◆ Collected data
________________
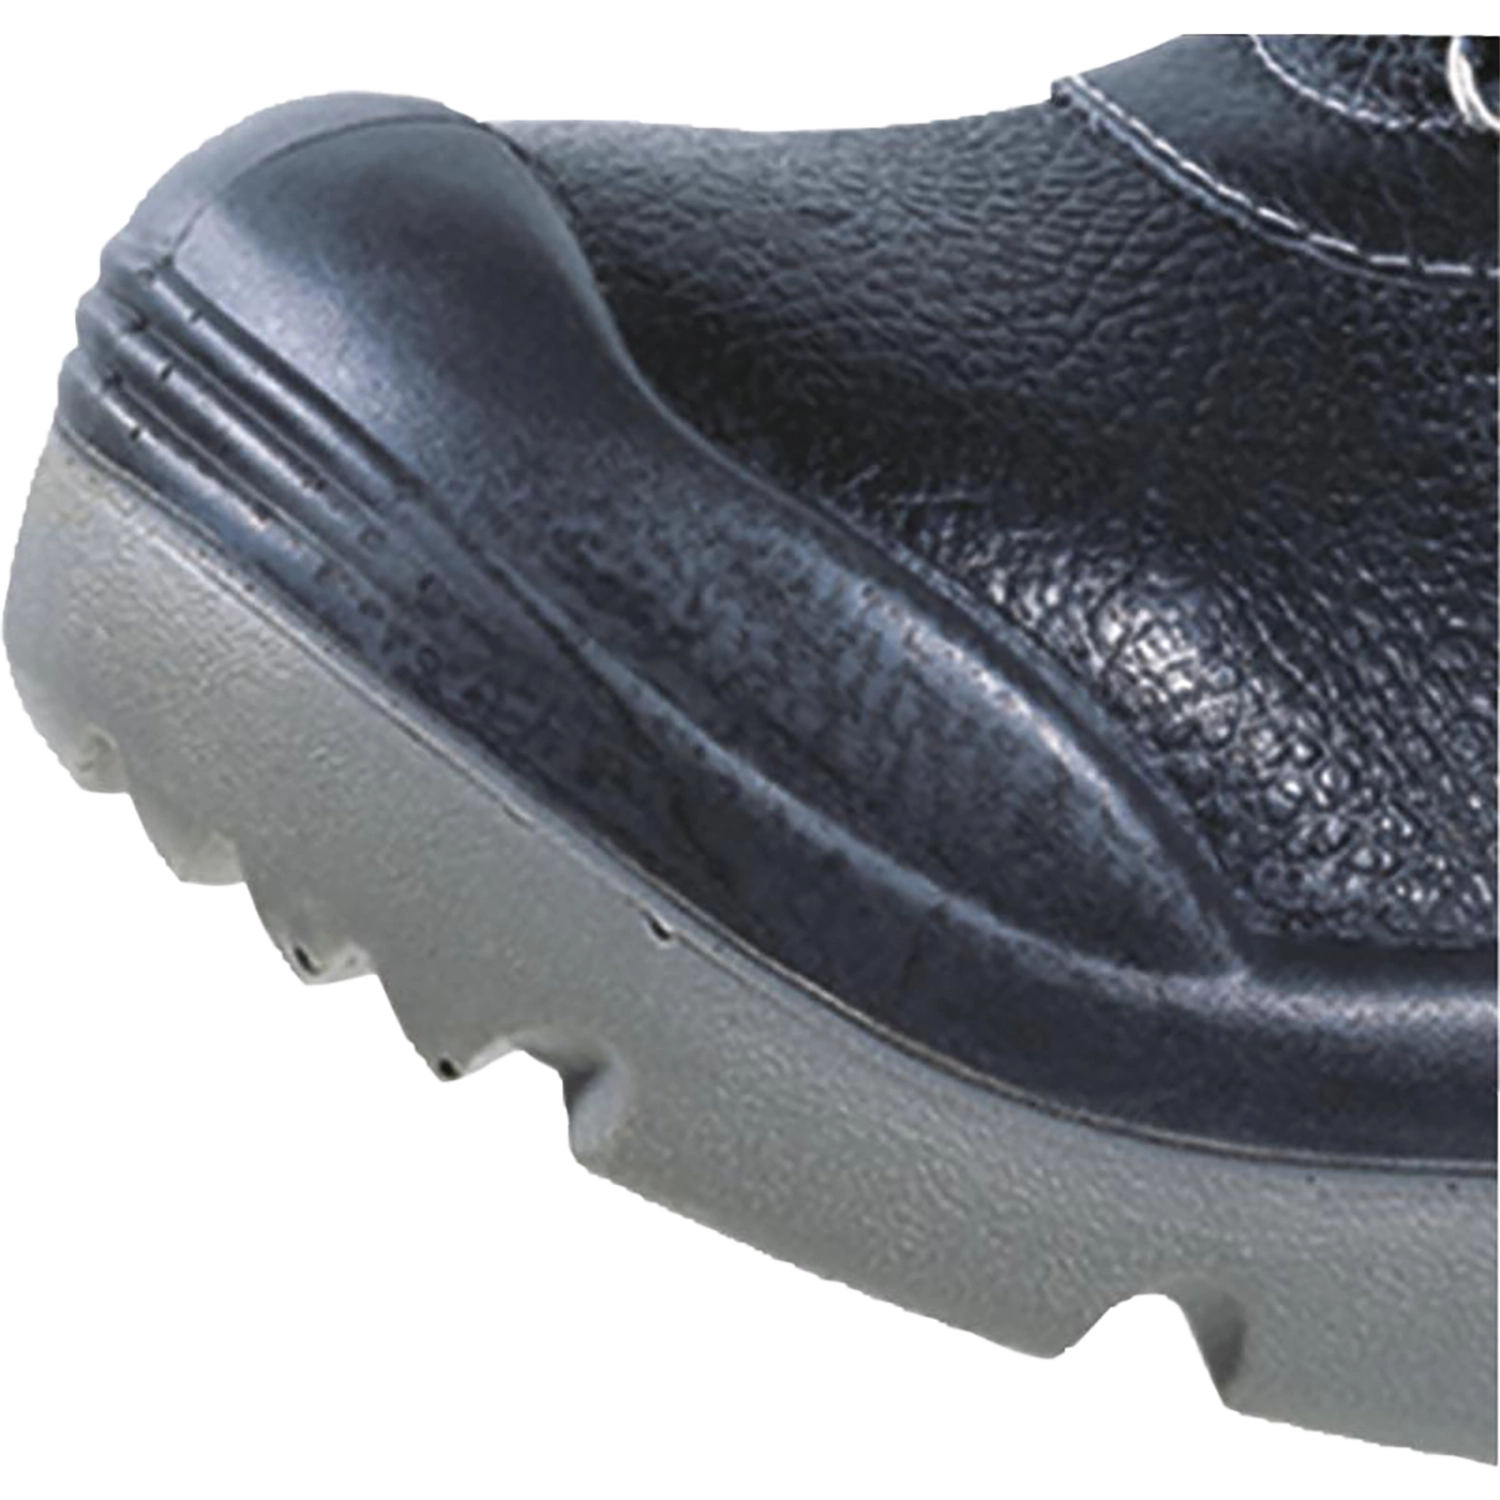 Chaussures montantes - X-Large - Sault S3 - noir - taille 49
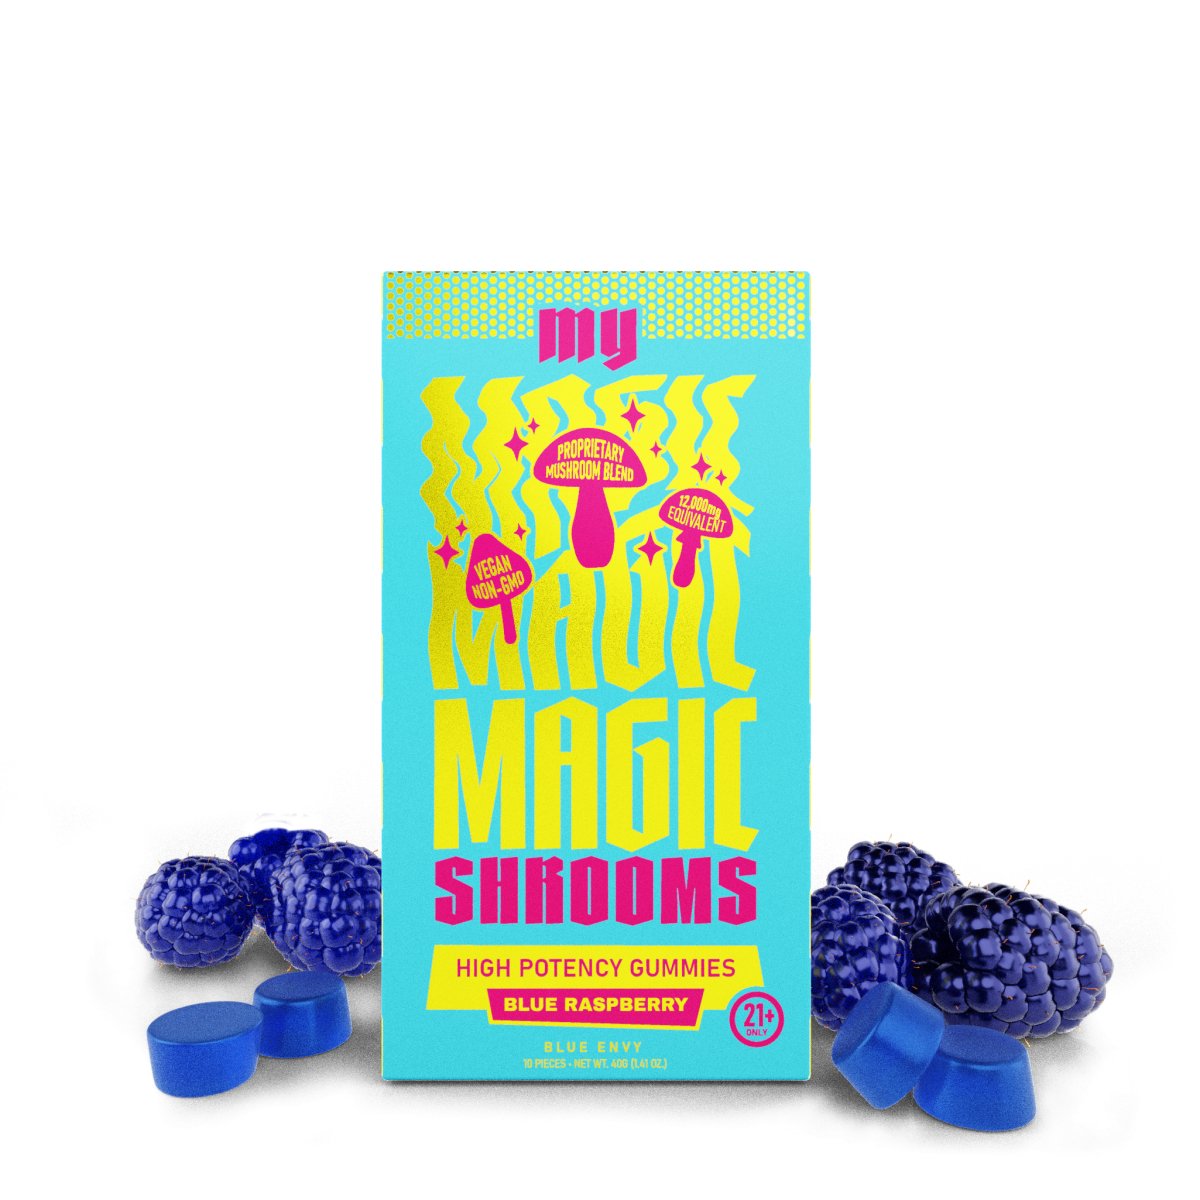 My Magic Shrooms High Potency Gummies Blue Raspberry
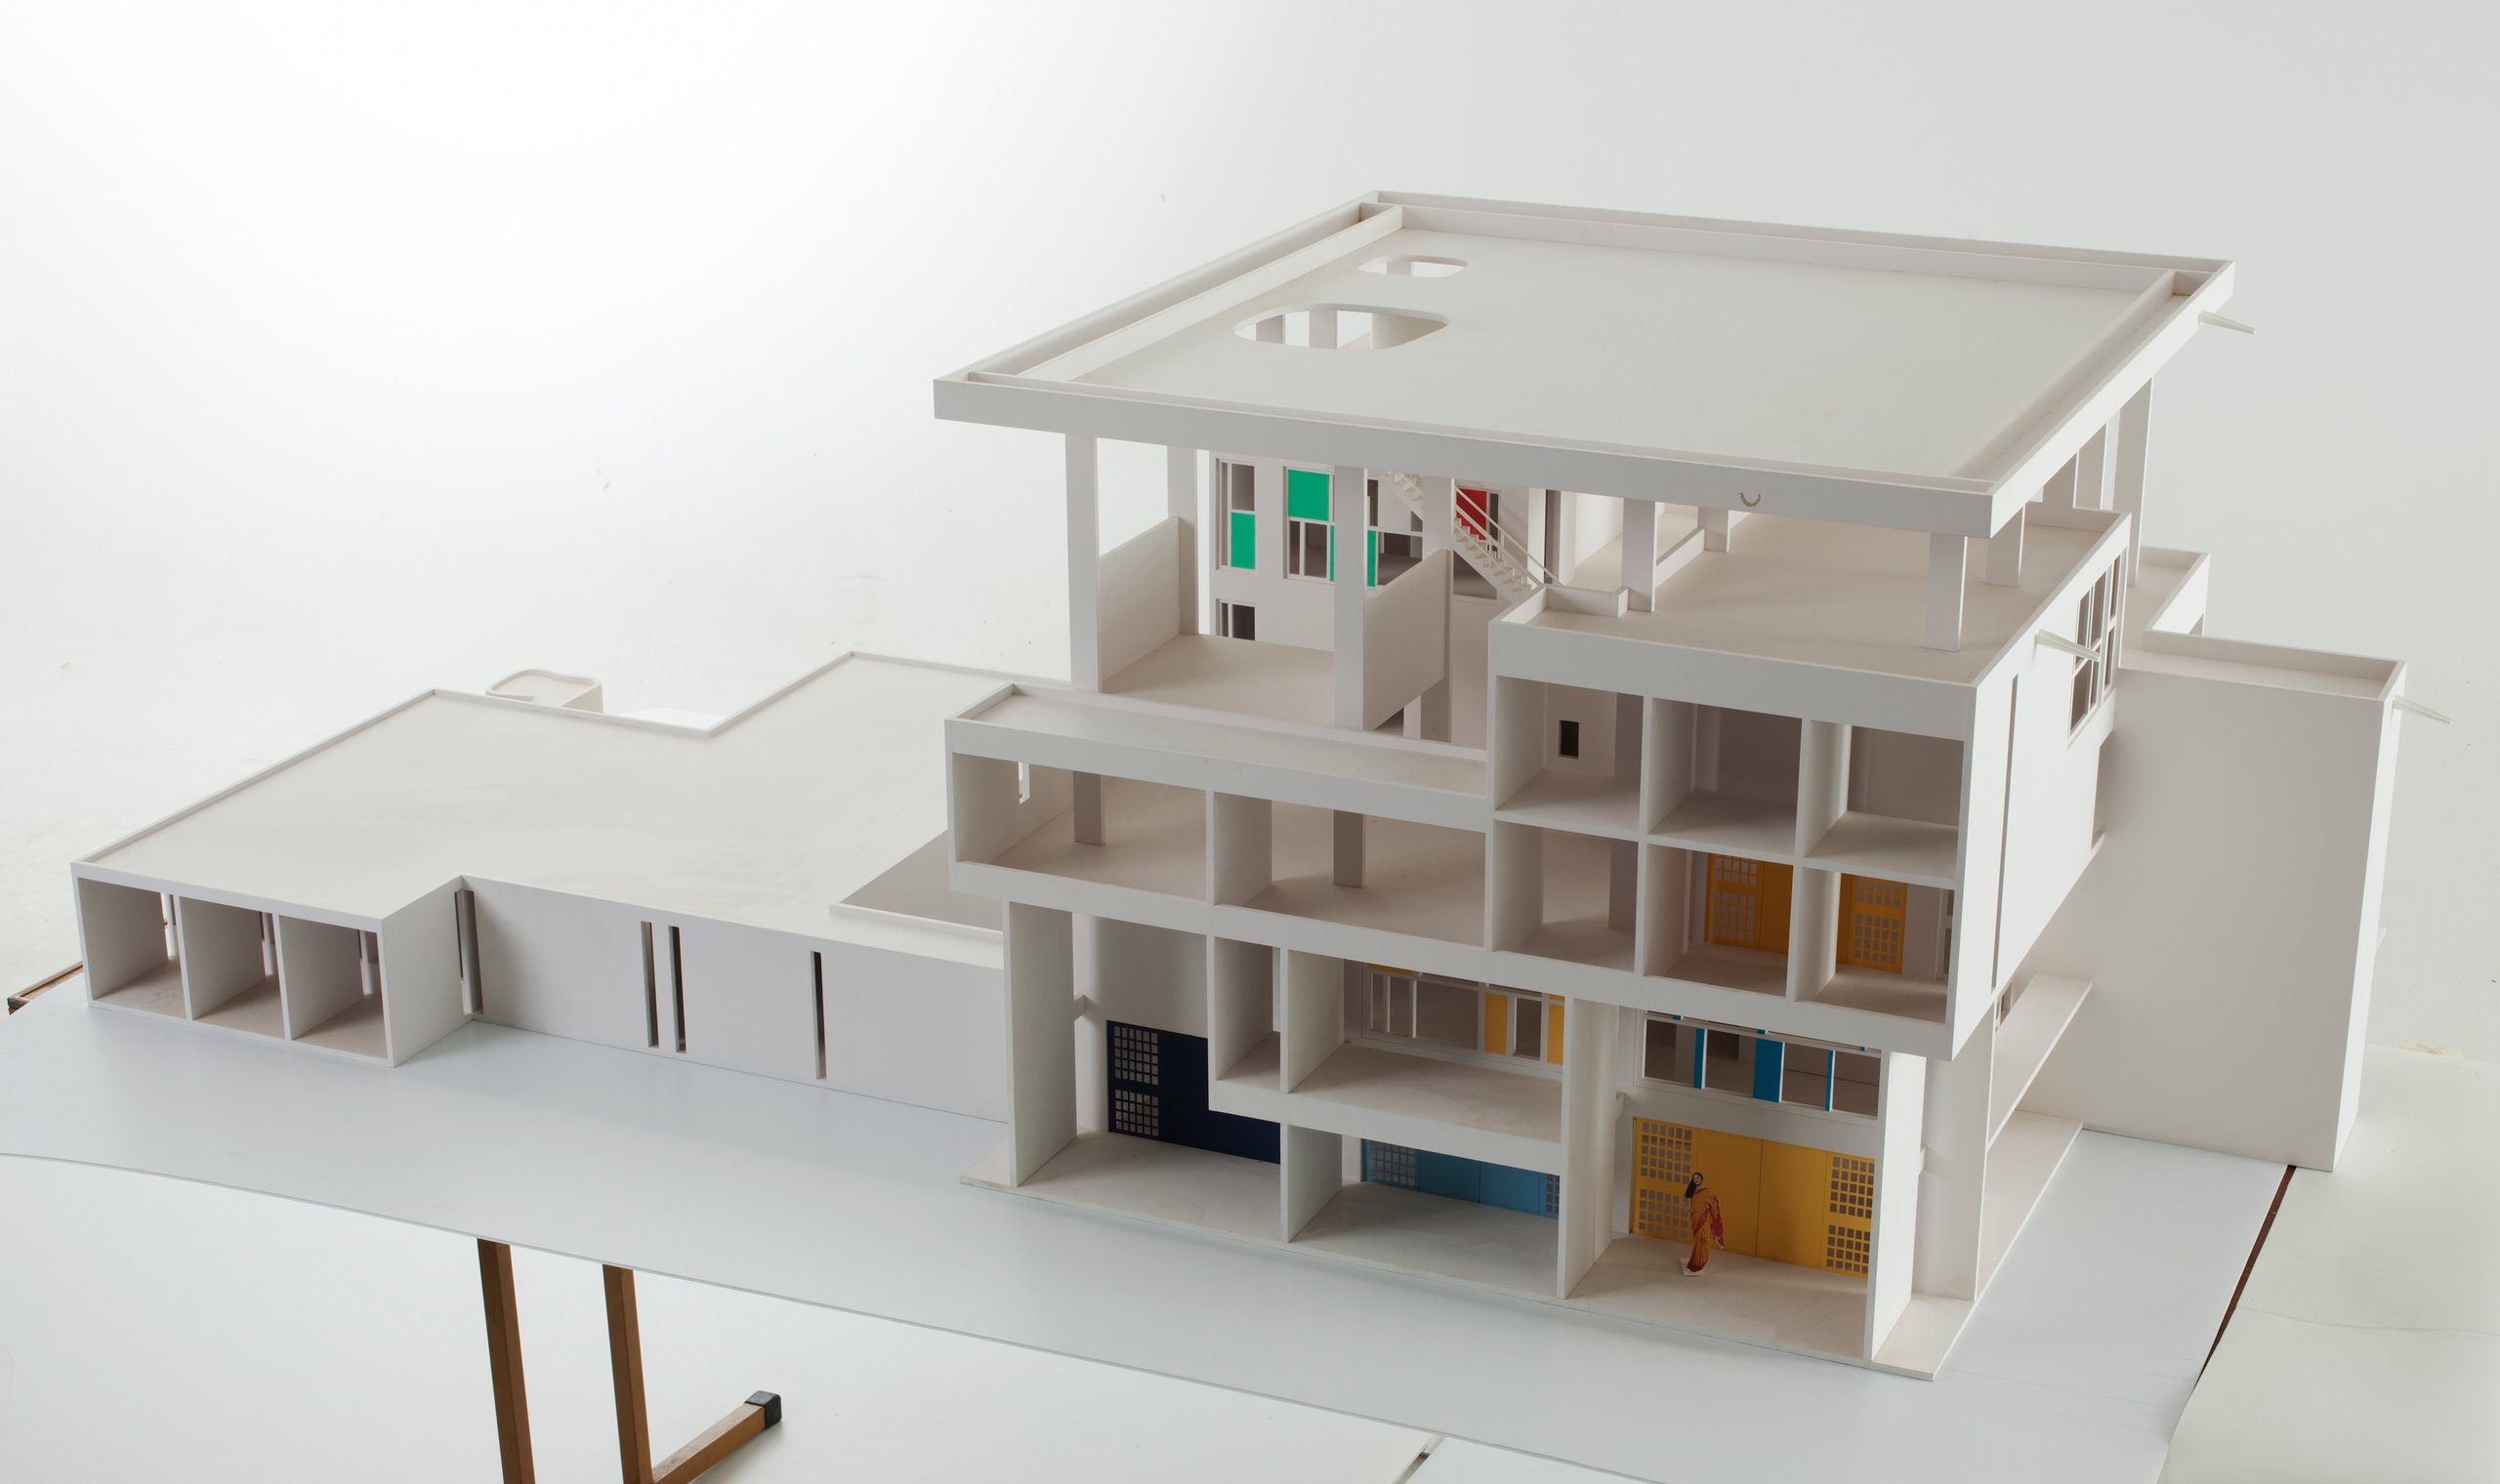 Model of Villa Shodhan designed by Le Corbusier
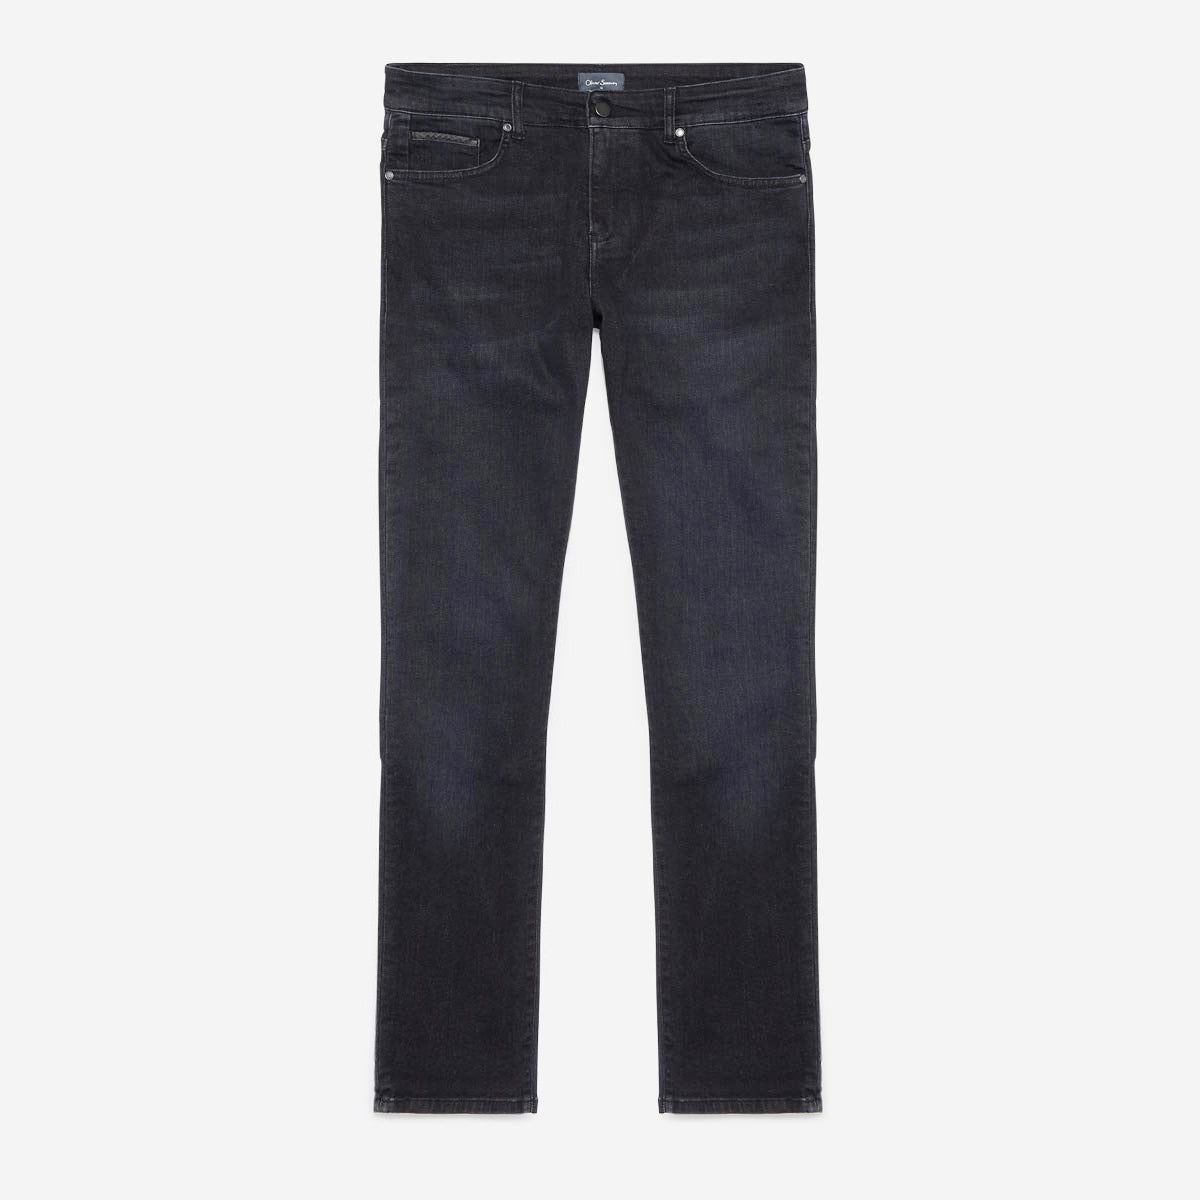 Navigli Charcoal Jeans | Men's Denim Jeans | Oliver Sweeney
________________
◆ Task directions
Every line of the listing above is to be set down verbatim, without the pictures.

◆ Output of the exercise
 Chaussures montantes - X-Large - Sault S3 - noir - taille 49
 My Magic Shrooms High Potency Gummies Blue Raspberry
 Model of Villa Shodhan designed by Le Corbusier
 Navigli Charcoal Jeans | Men's Denim Jeans | Oliver Sweeney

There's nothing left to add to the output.